First Time Home Buyers
Rumor has it that US Housing Officials are putting together a plan that would allow first time homebuyers to put an $8,000 income tax credit towards the down-payment on a new home. The idea is to allow first time homeowners to “monetize” their tax credit, rather than having to come to the table with a larger down payment, and receiving a credit come tax time.
The program, which will be backed by the FHA, or Federal Housing Administration, would allow approved lenders to fund short term loans that could be applied as down payments for first time homeowners, and repaid once they receive their income tax credit.
FHA purchases require a 3.5% downpayment on loans backed by the Agency. This translates to little to no money down on homes up to $230,000. Its interesting to note that one of the causes of the current housing crisis is that many homeowners we’re able to purchase homes with little to no down-payment. These 100% financing loans made it such that homebuyers did not have to place a down-payment on their homes.
On a positive note, borrowers that seek financing through FHA must fully document their income, and clearly show a low DTI (debt-to-income) ratio, or, in layman’s terms, the ability to easily afford the mortgage. The FHA offers security to investors and servicers through a mortgage insurance policy on most all FHA originated loans.

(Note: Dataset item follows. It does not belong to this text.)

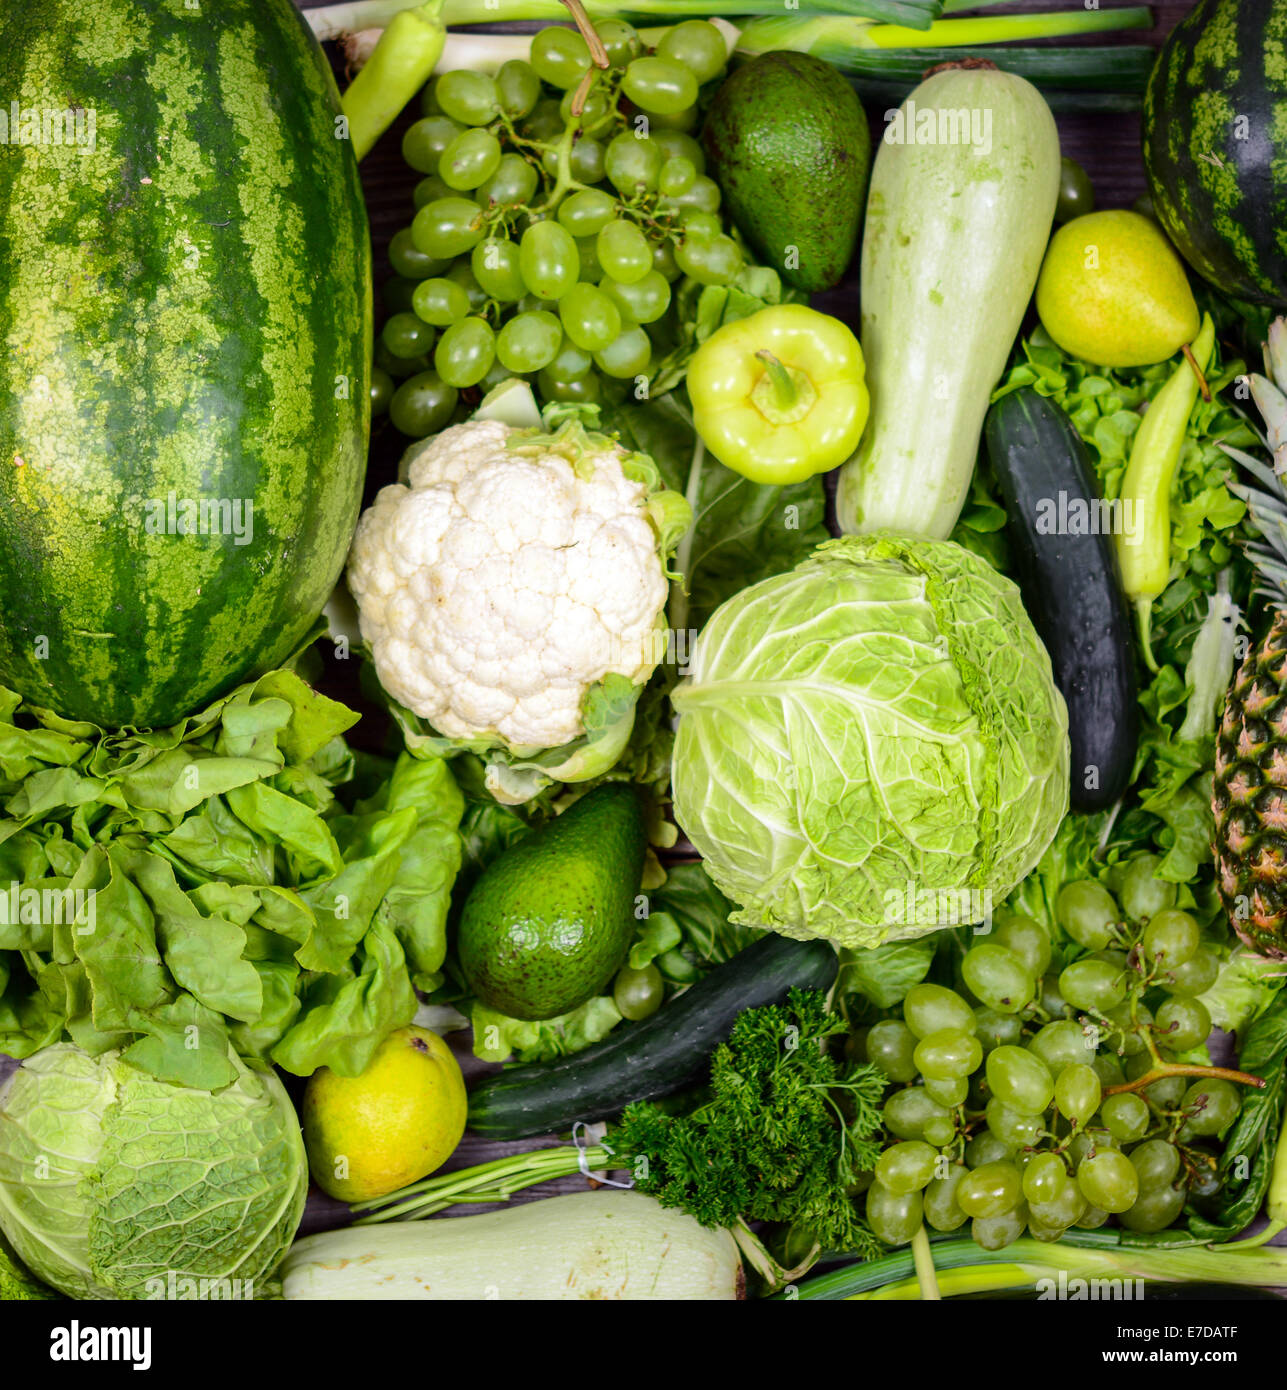 Huge group of fresh green fruit and vegetables - Concept of healthy green food Stock Photo

It is interesting to find that the FHA would endorse homeowners recieving tax credit funds basically up front to purchase a home with little money down after they worked so hard to remove DPA programs, that allowed for sellers to “gift” money to homebuyers to allow for less money down. According to today’s WSJ:
“Although it remains to be seen how the program is actually implemented, the plan resembles former seller-funded down payment assistance programs,” writes housing analyst Ivy Zelman in a research note Wednesday. “We remain concerned that the lenient underwriting standards, low down-payment requirements and now the ability of FHA borrowers to purchase a home without putting any of their own equity into the purchase is creating a tremendous risk for the program and taxpayers in the future.”

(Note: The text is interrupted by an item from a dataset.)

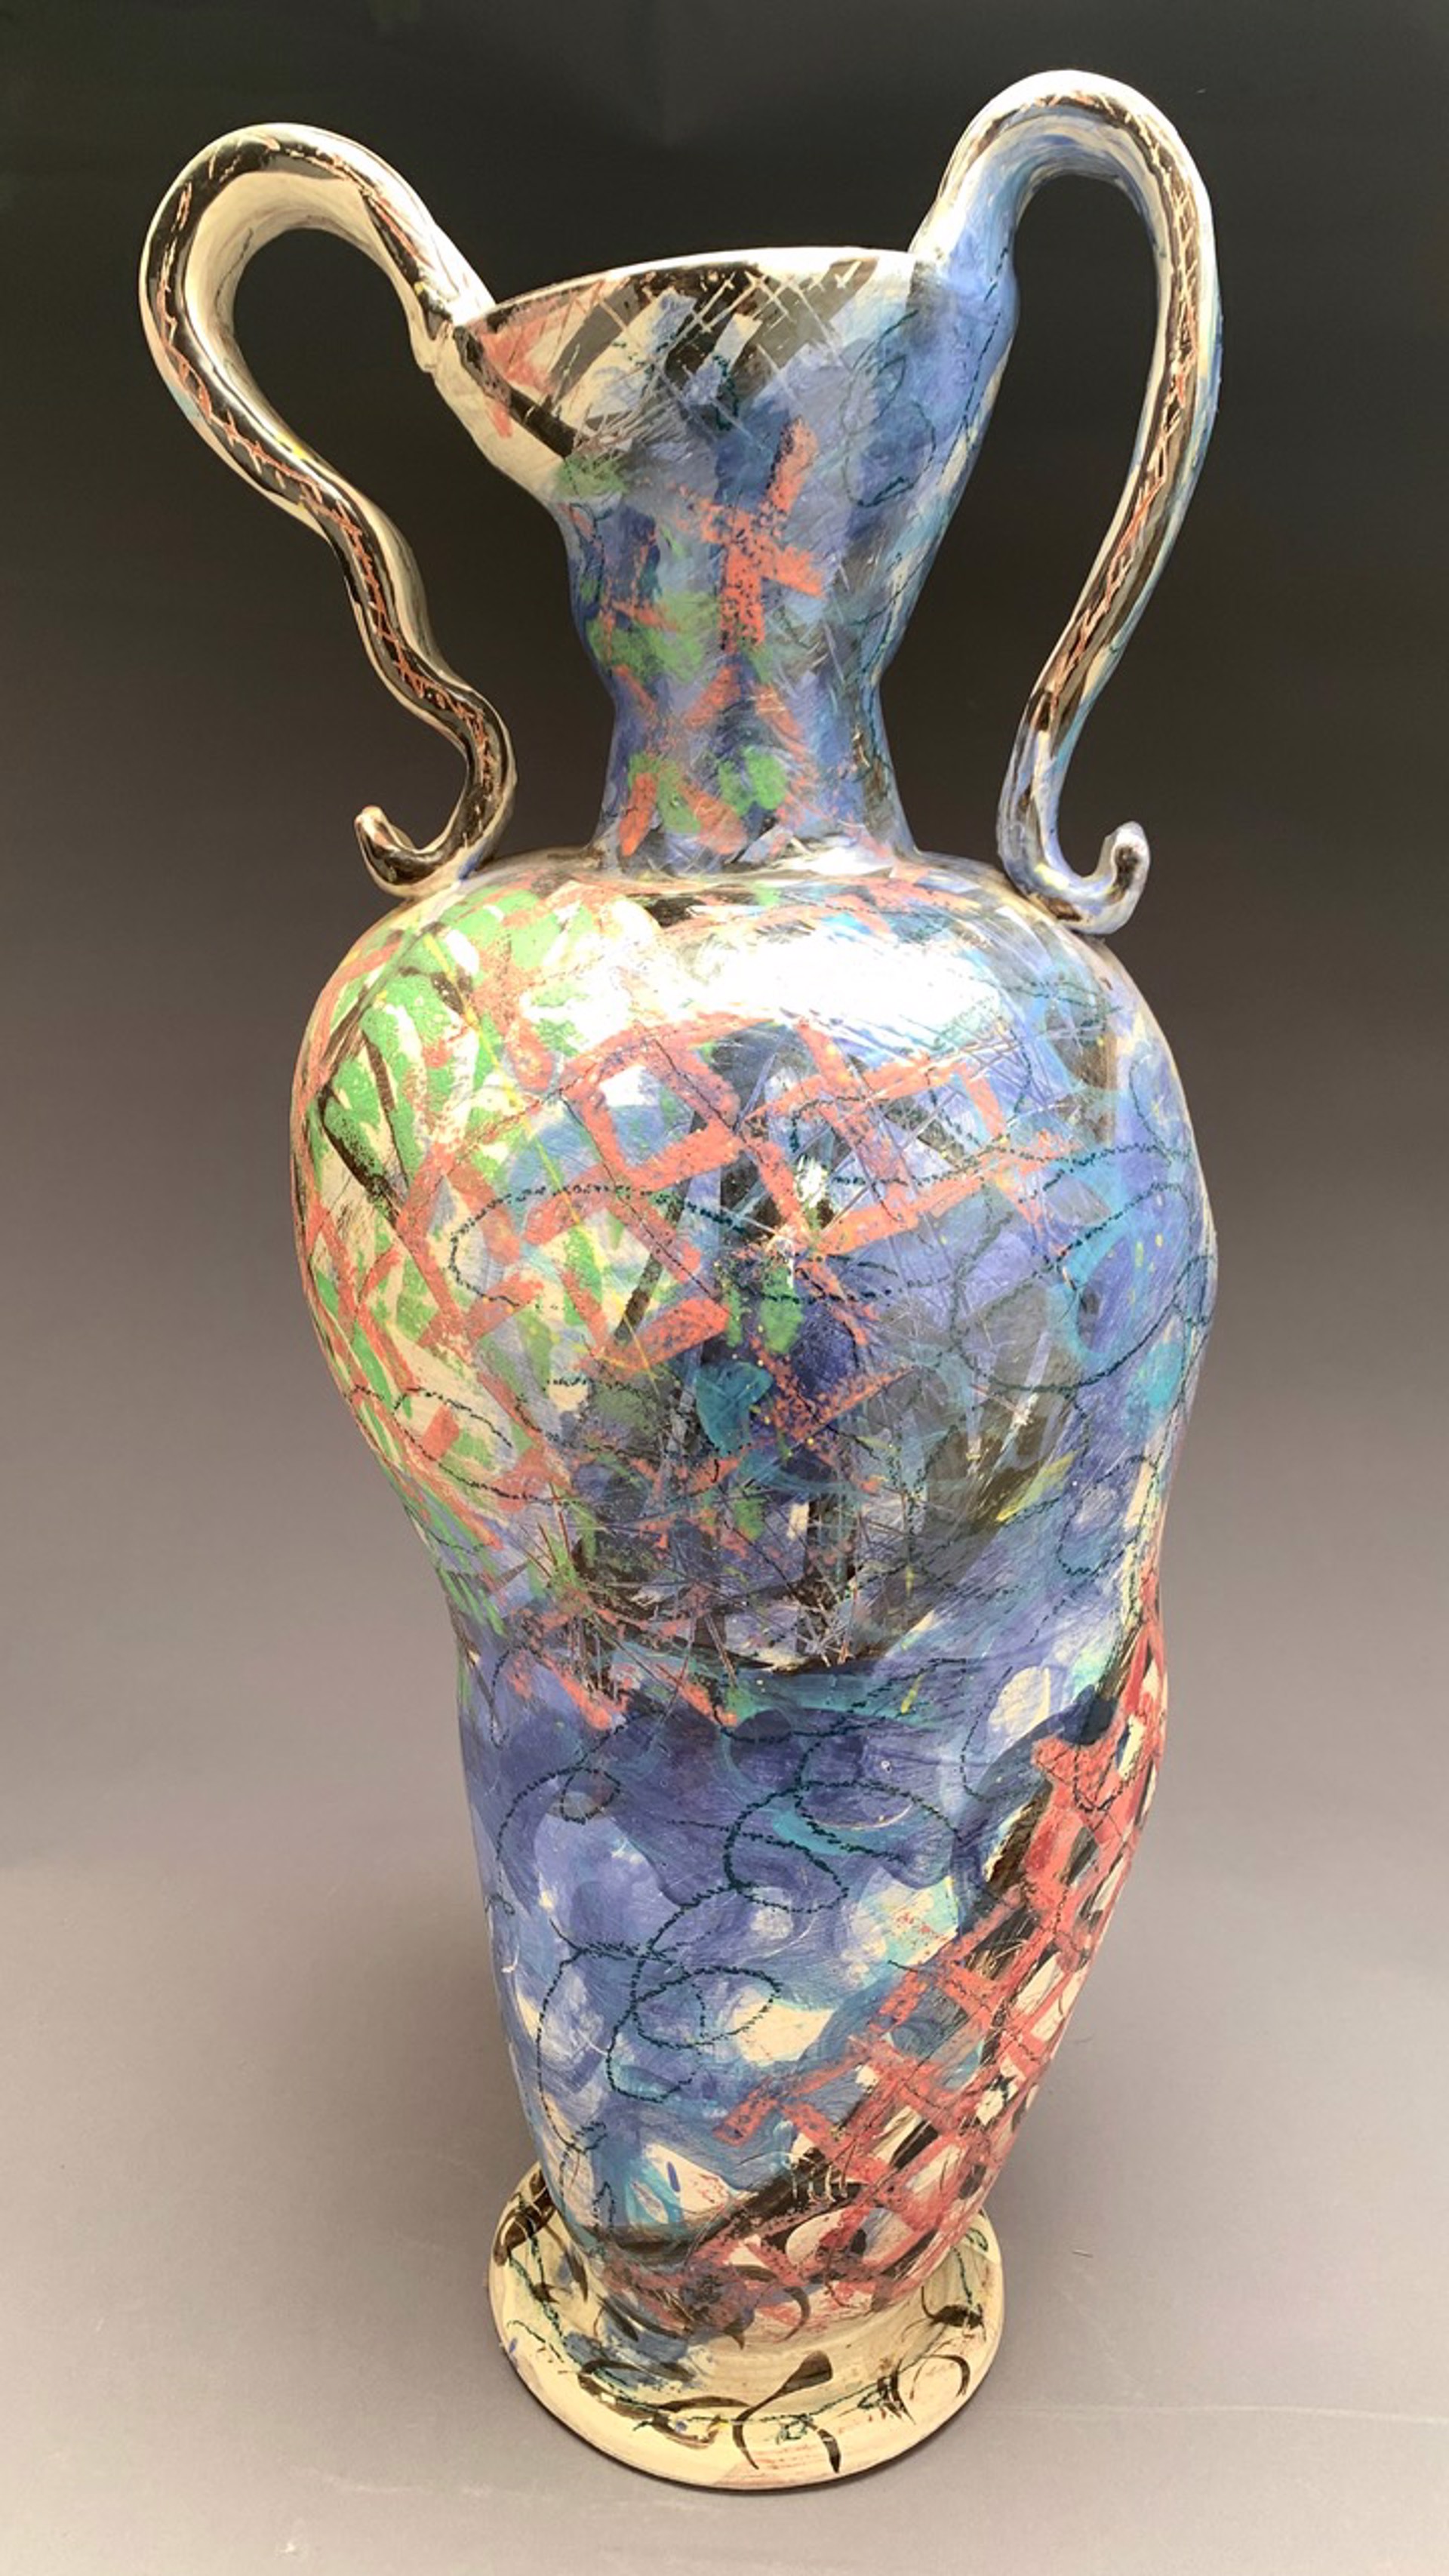 Amphora Working on Many Levels by Susan McGilvrey

Ultimately, time will tell whether this pending program will help or hinder economic recovery. It does provide a huge incentive to first time homebuyers looking for homes as they would not have to save as much money to purchase a new home. At the same time, much of the current housing crisis is due to similar low/no down payment programs. On average, however, homeowners in FHA mortgages are usually less prone to default, need a loan modification, or face foreclosure.
Most are of the opinion that this program will be a huge benefit to first time homebuyers, and encourage more to buy a home for the first time. While this will certainly not provide a huge stimulus to the US Housing Economy, an increase in first time homebuyers may provide the nudge that signifies to long term real-estate investors that the market is turning, and to begin purchasing more properties.